O Maio de 1968 é o corolário de um tempo de contestação contra a guerra do Vietname, que tinha cada vez mais adesões a nível mundial particularmente nos EUA, e contra as ditaduras na América Latina e em Portugal e Espanha. Apoiava-se abertamente Cuba, a luta armada na América Latina e em África, a luta dos negros americanos pelos direitos cívicos e a Revolução Cultural na China (1966-1969).
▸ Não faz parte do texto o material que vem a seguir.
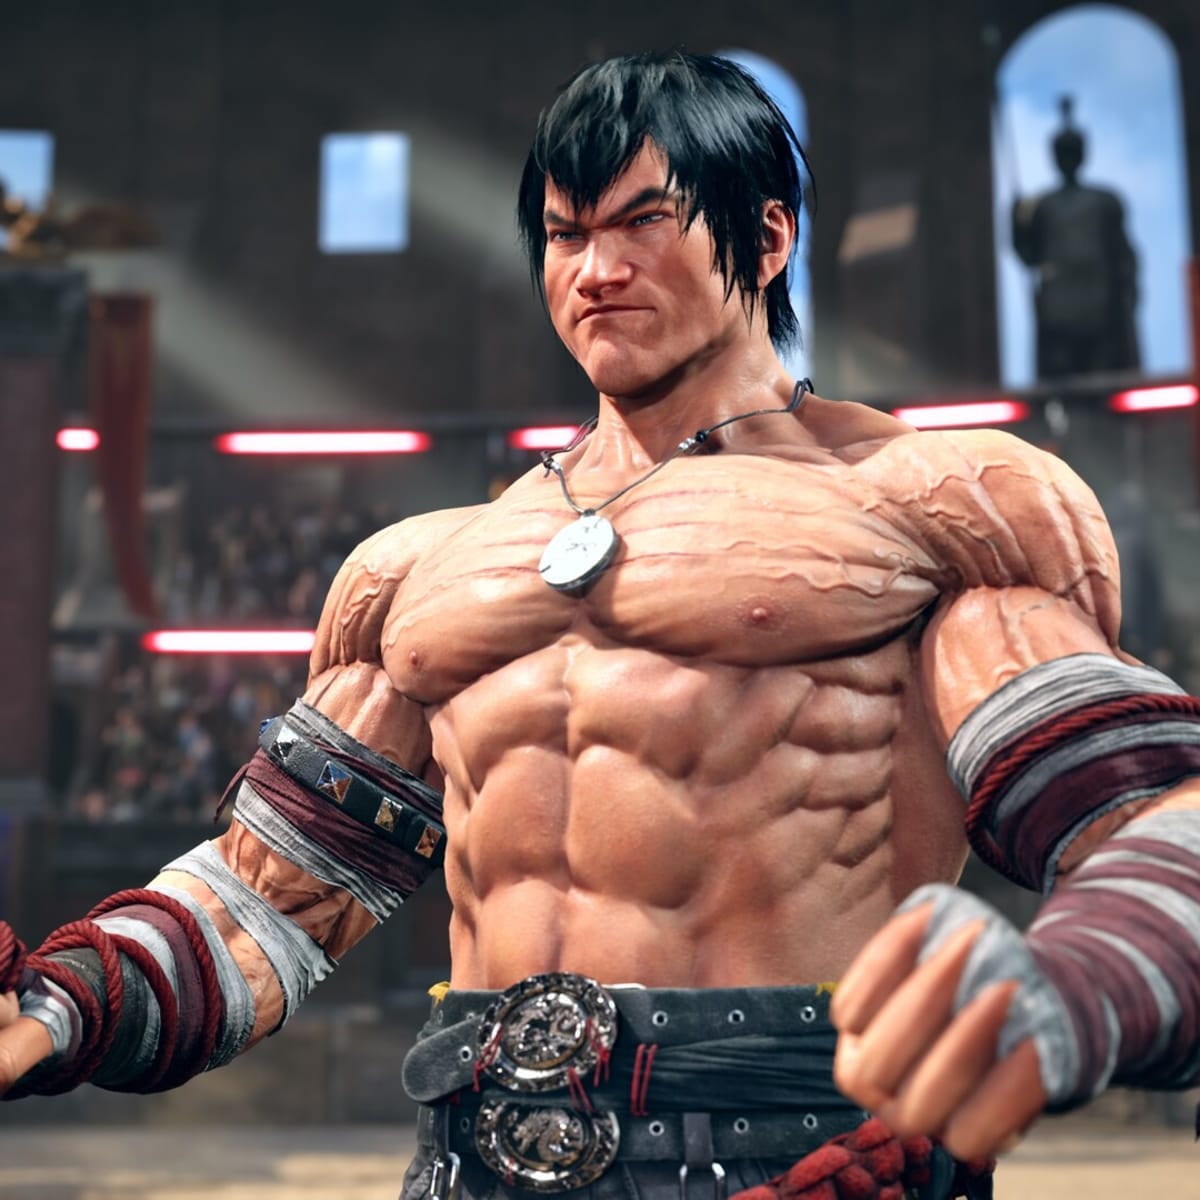 How to download Tekken 8: PlayStation, Xbox, and PC

Em simultâneo agudizavam-se as lutas estudantis na Alemanha (organizada em Berlim pela SDS- Sozialisticher Deutscher Studentbund, tendo o seu líder Rudi Dutschke sofrido um atentado em 11 de Abril de 1968). Em Berkeley nos EUA iniciou-se um rastilho de contestação por parte dos estudantes, que rapidamente alastrou um pouco por universidades em todos os Estados dos EUA. No Brasil a repressão contra os estudantes foi violenta, mas não atingiu as proporções de Tlatelolco no México, onde o exército é mobilizado para calar a contestação estudantil saldandose o balanço final em mais de 200 mortos, 500 feridos e 2000 pessoas presas.
Um pouco por todo o mundo germinava a contestação estudantil, e os estudantes assumiam então que era altura de apoiar as lutas dos trabalhadores, e apoiar as concepções políticas inovadoras que emergiam em vários locais, nomeadamente na China, onde só muito mais tarde chegaram as terríveis descrições de uma então idolatrada Revolução Cultural.
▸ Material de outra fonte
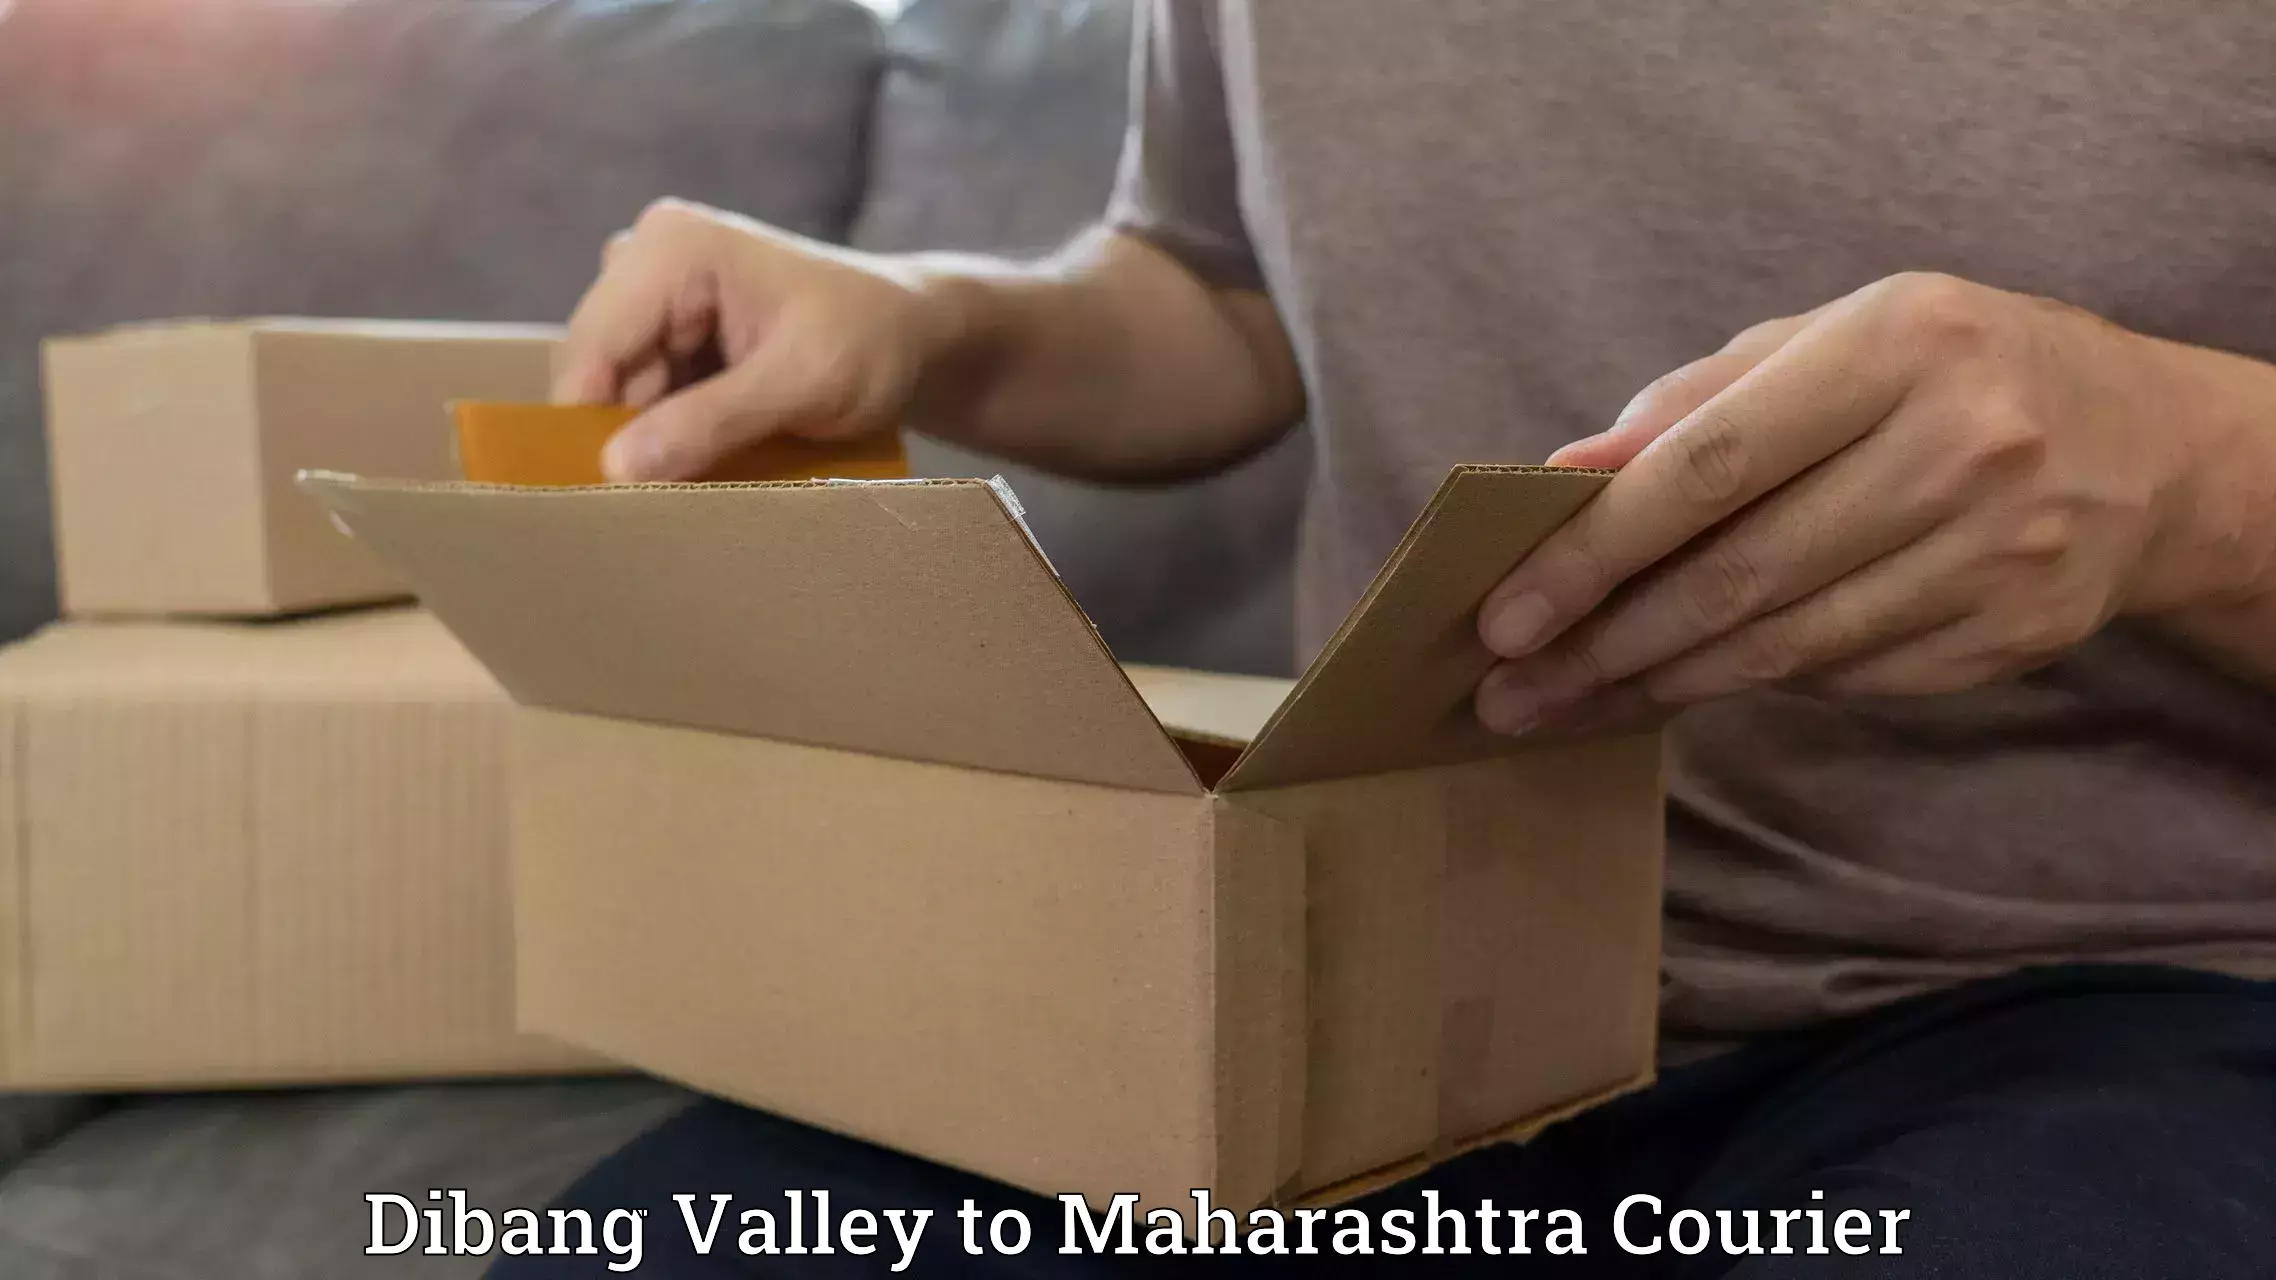 Courier tracking online Dibang Valley to Mahabaleshwar

No Senegal afrontando a subserviência francesa de Senghor, e na procura de um ensino mais adequado à realidade africana, procuraram imitar os estudantes franceses, e através da UDES (União de Estudantes Senegaleses) que reagrupava os estudantes locais e a UED (união de Estudantes de Dakar, que aglomerava os estudantes de diferentes países africanos, fizeram um conjunto de manifestações fortemente reprimidas com muitas prisões de premeio e expulsão de centenas de estudantes do país.
Voltando a França, e ao já distante 1968 importa referir que tudo começou no dealbar de Maio na Universidade de Nanterre, uma escola de subúrbios onde a origem social dos estudantes era claramente diferente das universidades do centro de Paris, frequentadas pelos filhos da burguesia, ao tempo os únicos que tinham acesso ao ensino superior.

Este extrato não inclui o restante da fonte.